▸ ABOUT THIS TASK
Word for word, copy the listing below and leave out its images.

▸ EXERCISE DATA

Start of Block

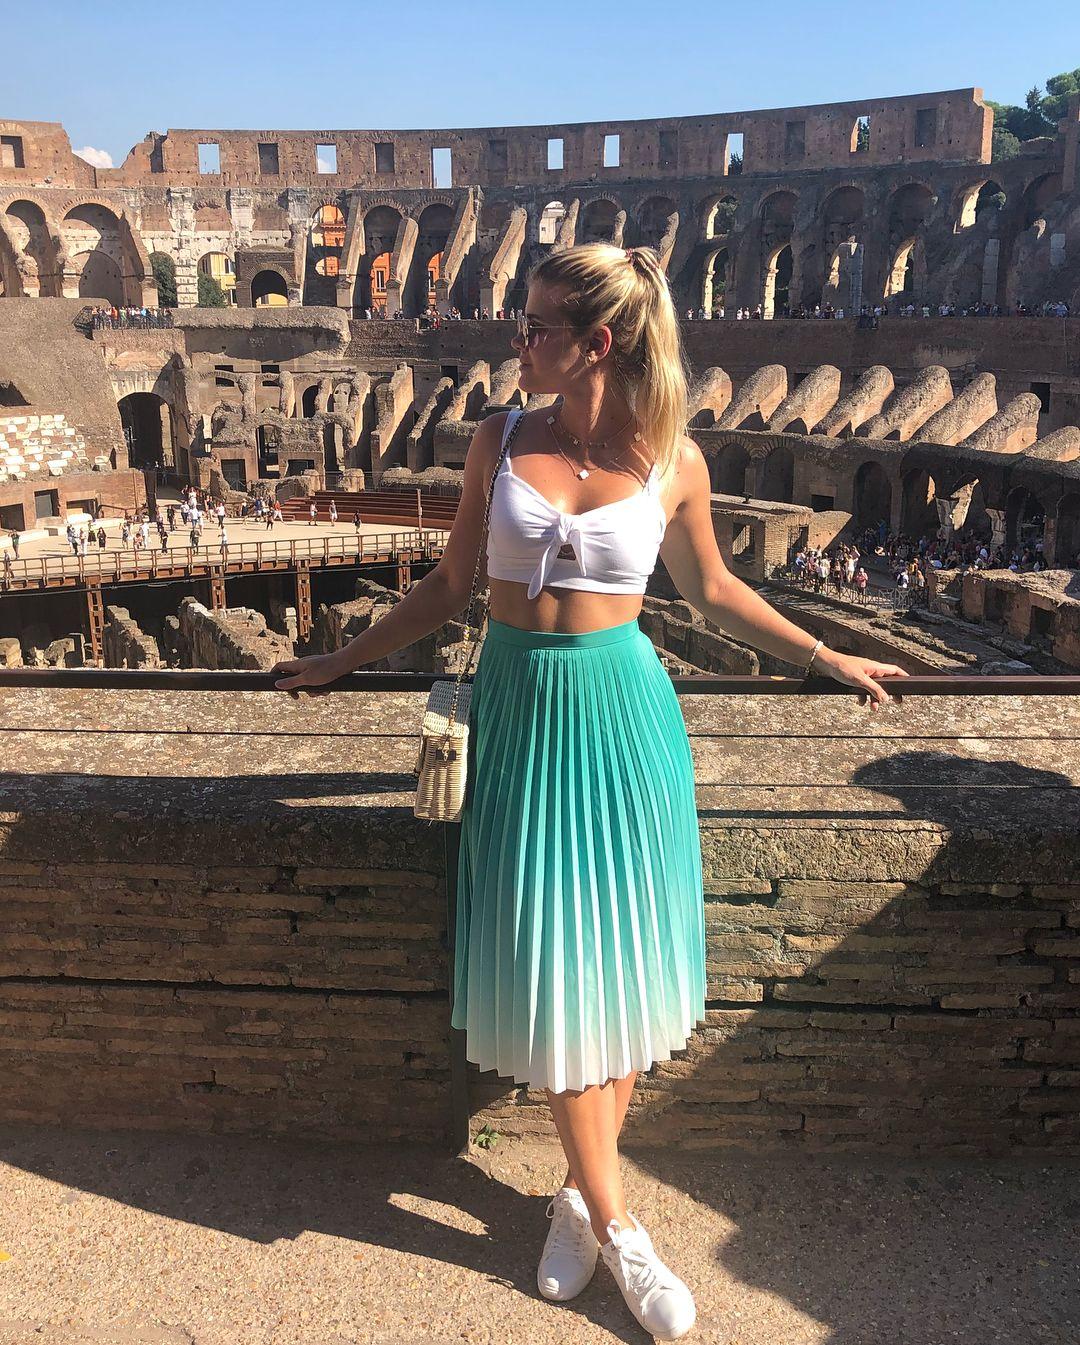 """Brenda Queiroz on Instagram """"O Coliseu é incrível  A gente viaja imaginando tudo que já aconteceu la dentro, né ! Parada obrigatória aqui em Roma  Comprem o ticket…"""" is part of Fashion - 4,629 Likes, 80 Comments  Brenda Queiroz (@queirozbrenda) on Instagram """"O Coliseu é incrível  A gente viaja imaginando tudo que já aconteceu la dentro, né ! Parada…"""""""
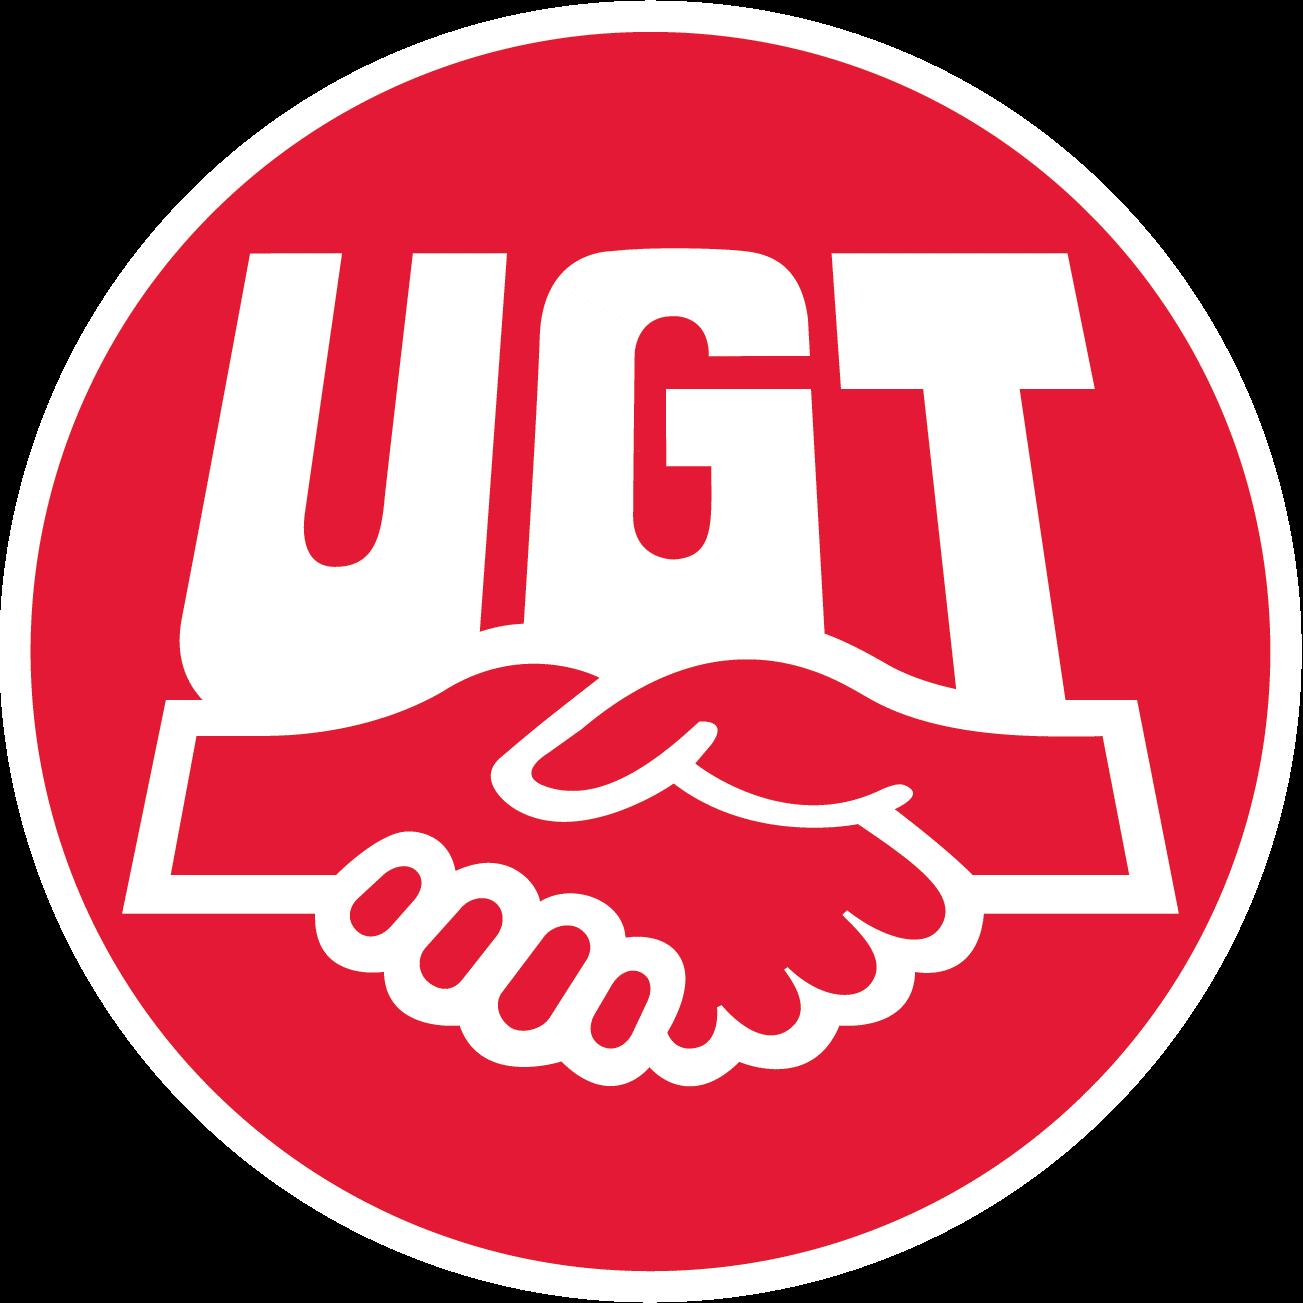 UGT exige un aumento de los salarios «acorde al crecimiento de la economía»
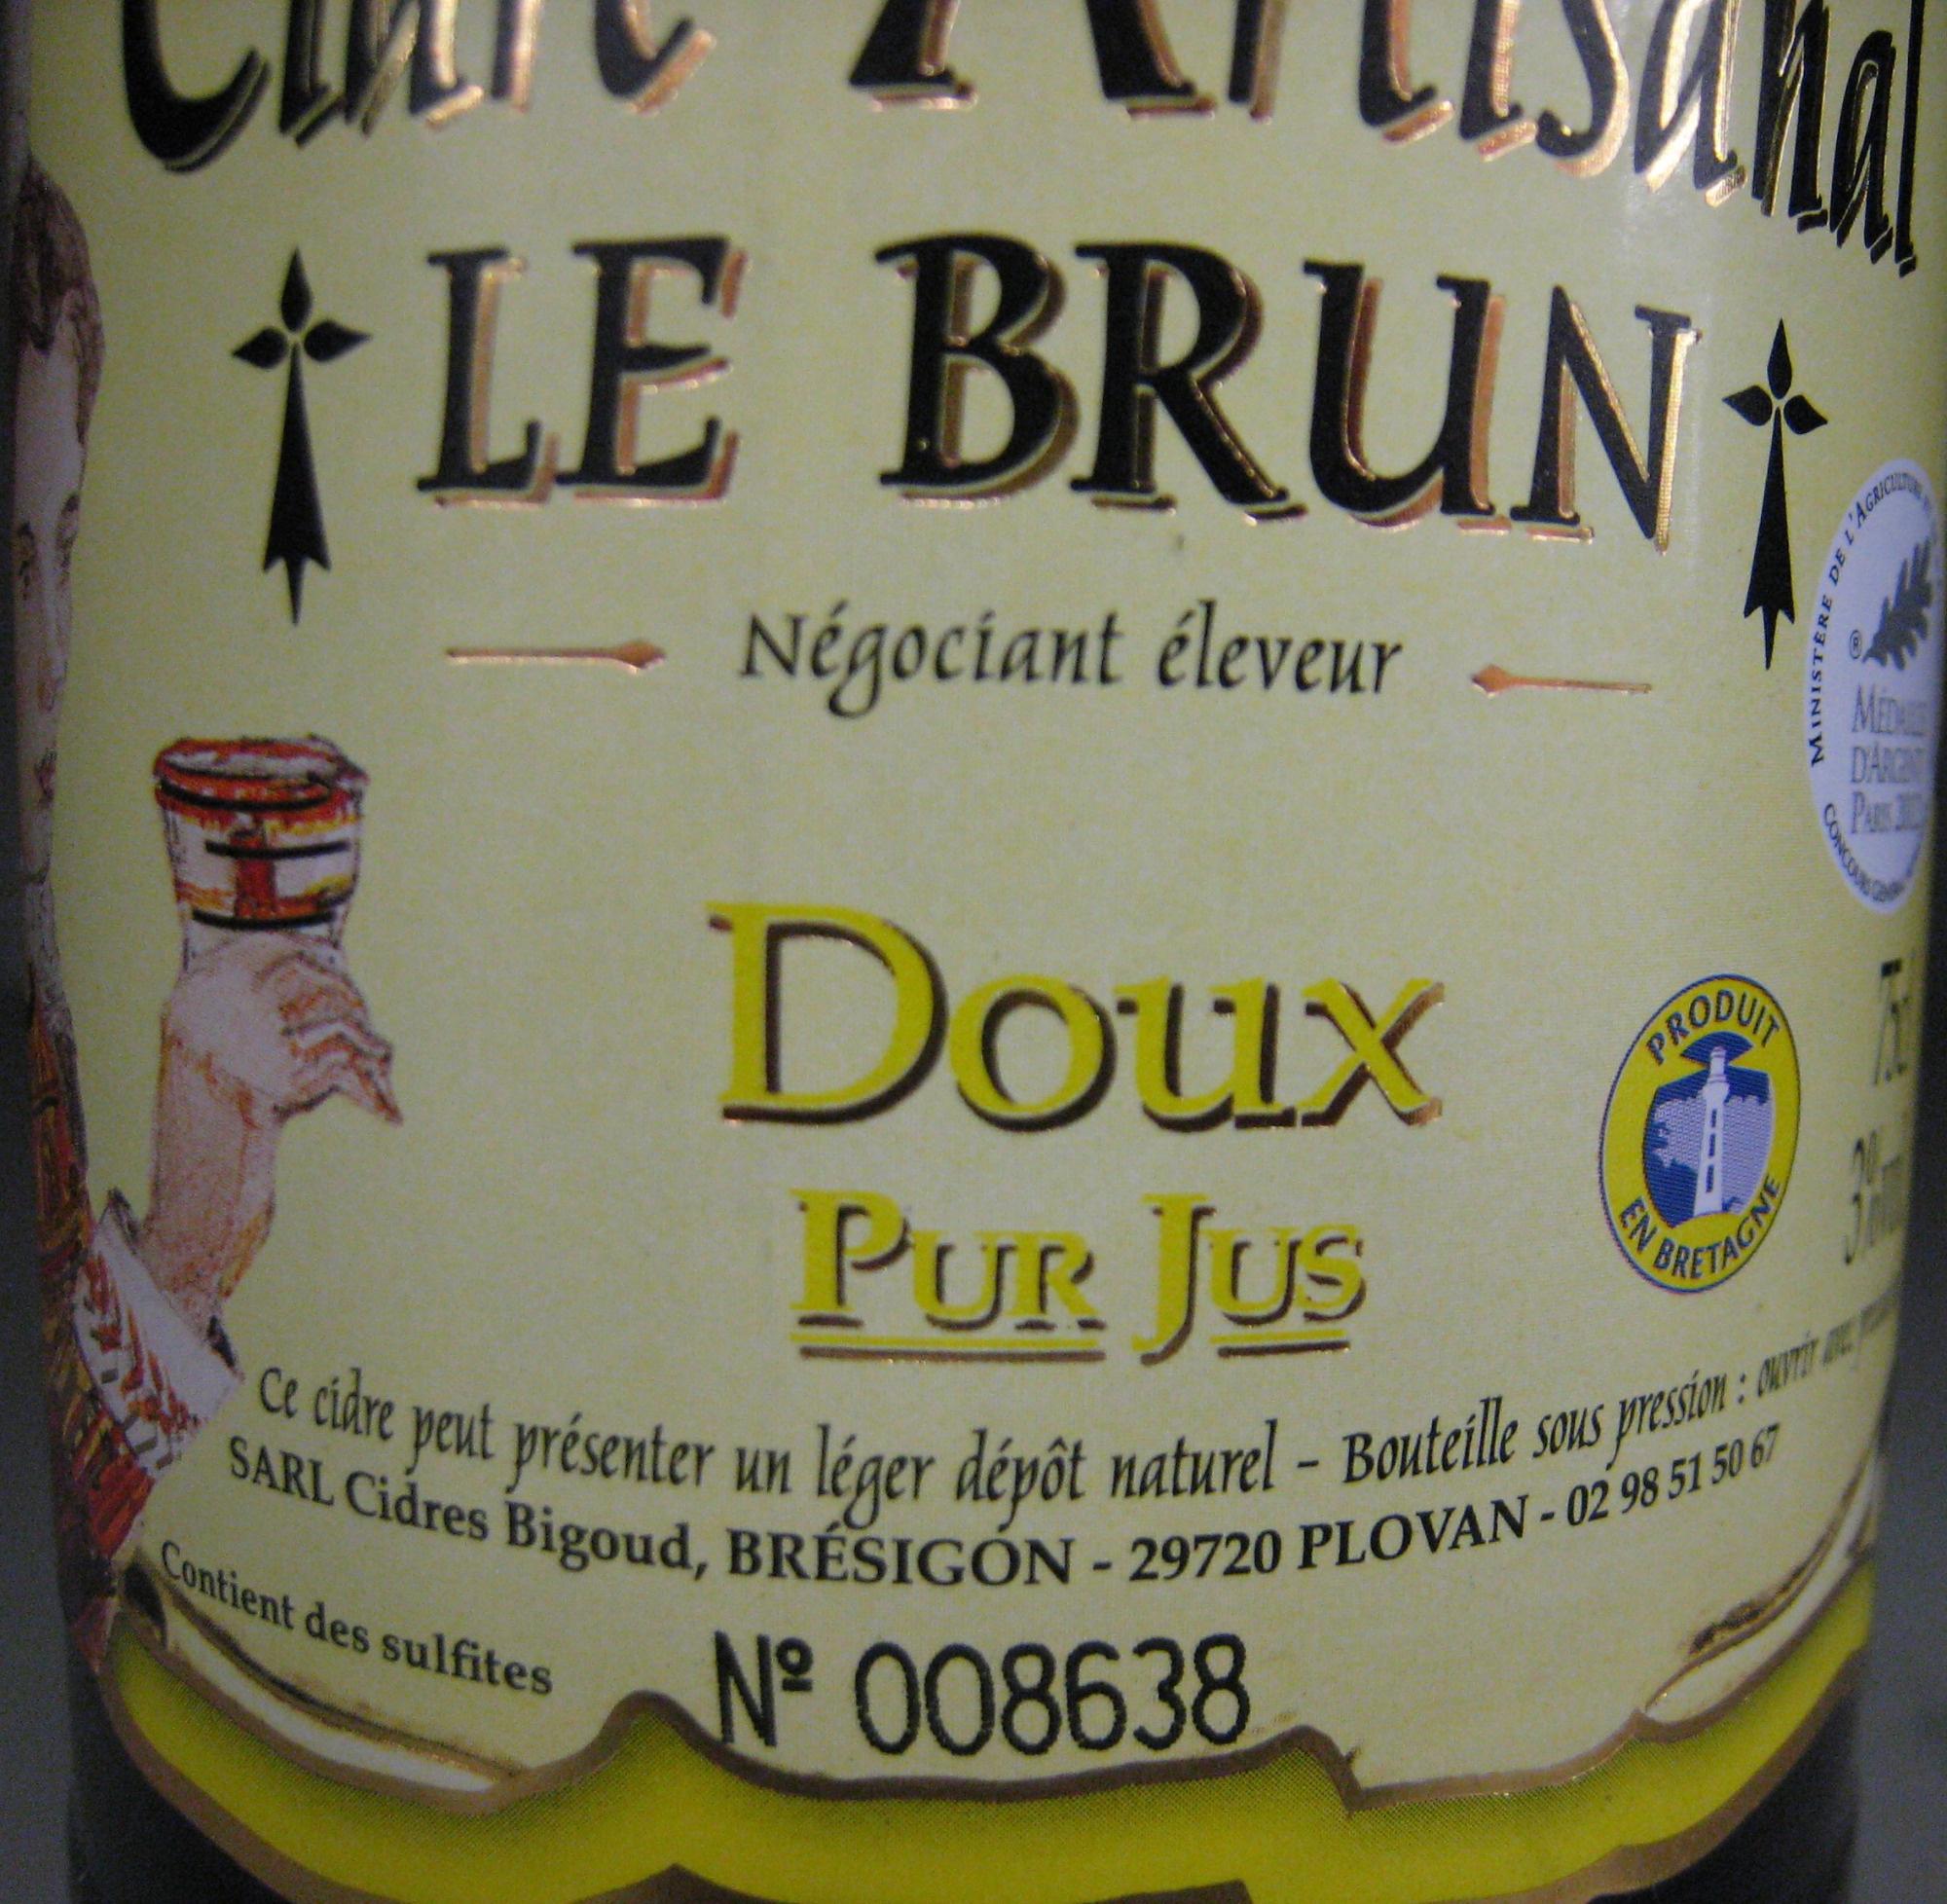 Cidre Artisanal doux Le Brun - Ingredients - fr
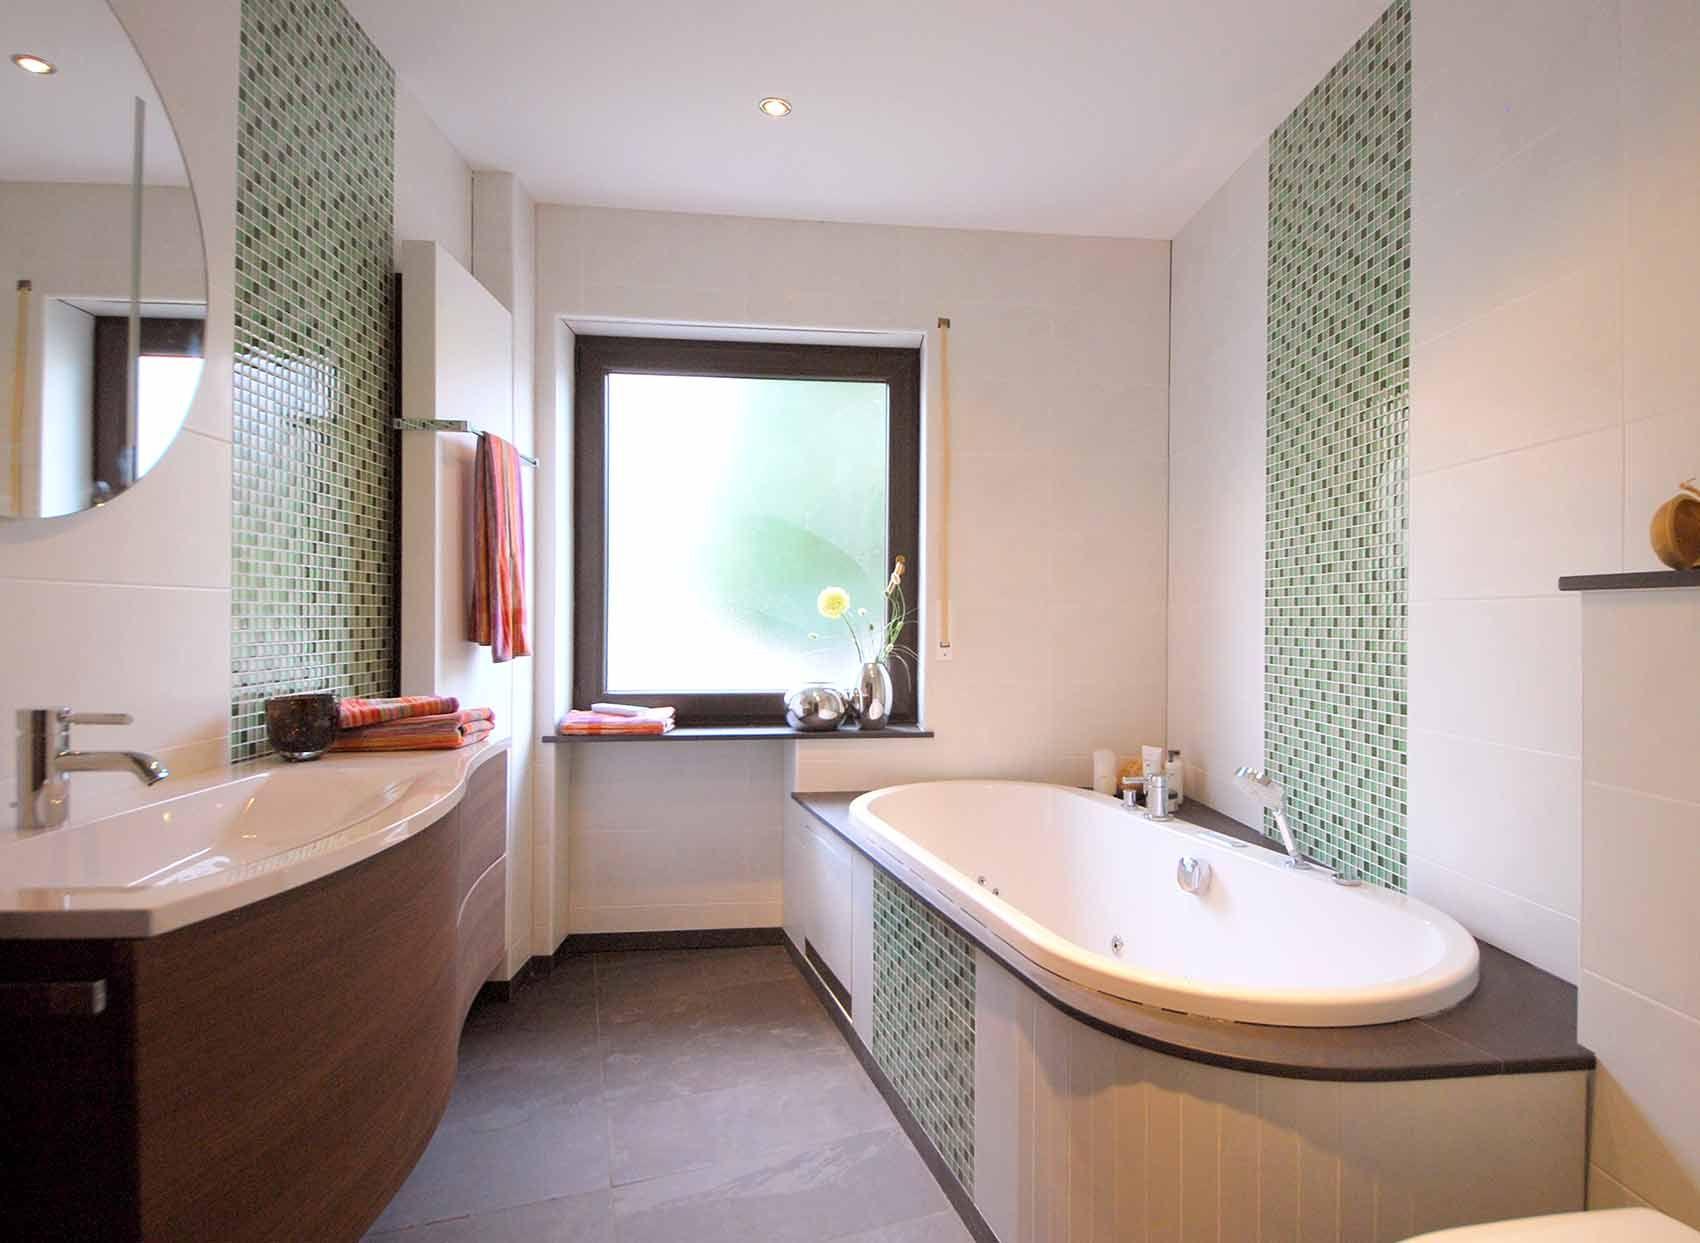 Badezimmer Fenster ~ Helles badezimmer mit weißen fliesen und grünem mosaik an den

End of Block

▸ SOLUTION FOR THIS TASK
 """Brenda Queiroz on Instagram """"O Coliseu é incrível  A gente viaja imaginando tudo que já aconteceu la dentro, né ! Parada obrigatória aqui em Roma  Comprem o ticket…"""" is part of Fashion - 4,629 Likes, 80 Comments  Brenda Queiroz (@queirozbrenda) on Instagram """"O Coliseu é incrível  A gente viaja imaginando tudo que já aconteceu la dentro, né ! Parada…"""""""
 UGT exige un aumento de los salarios «acorde al crecimiento de la economía»
 Cidre Artisanal doux Le Brun - Ingredients - fr
 Badezimmer Fenster ~ Helles badezimmer mit weißen fliesen und grünem mosaik an den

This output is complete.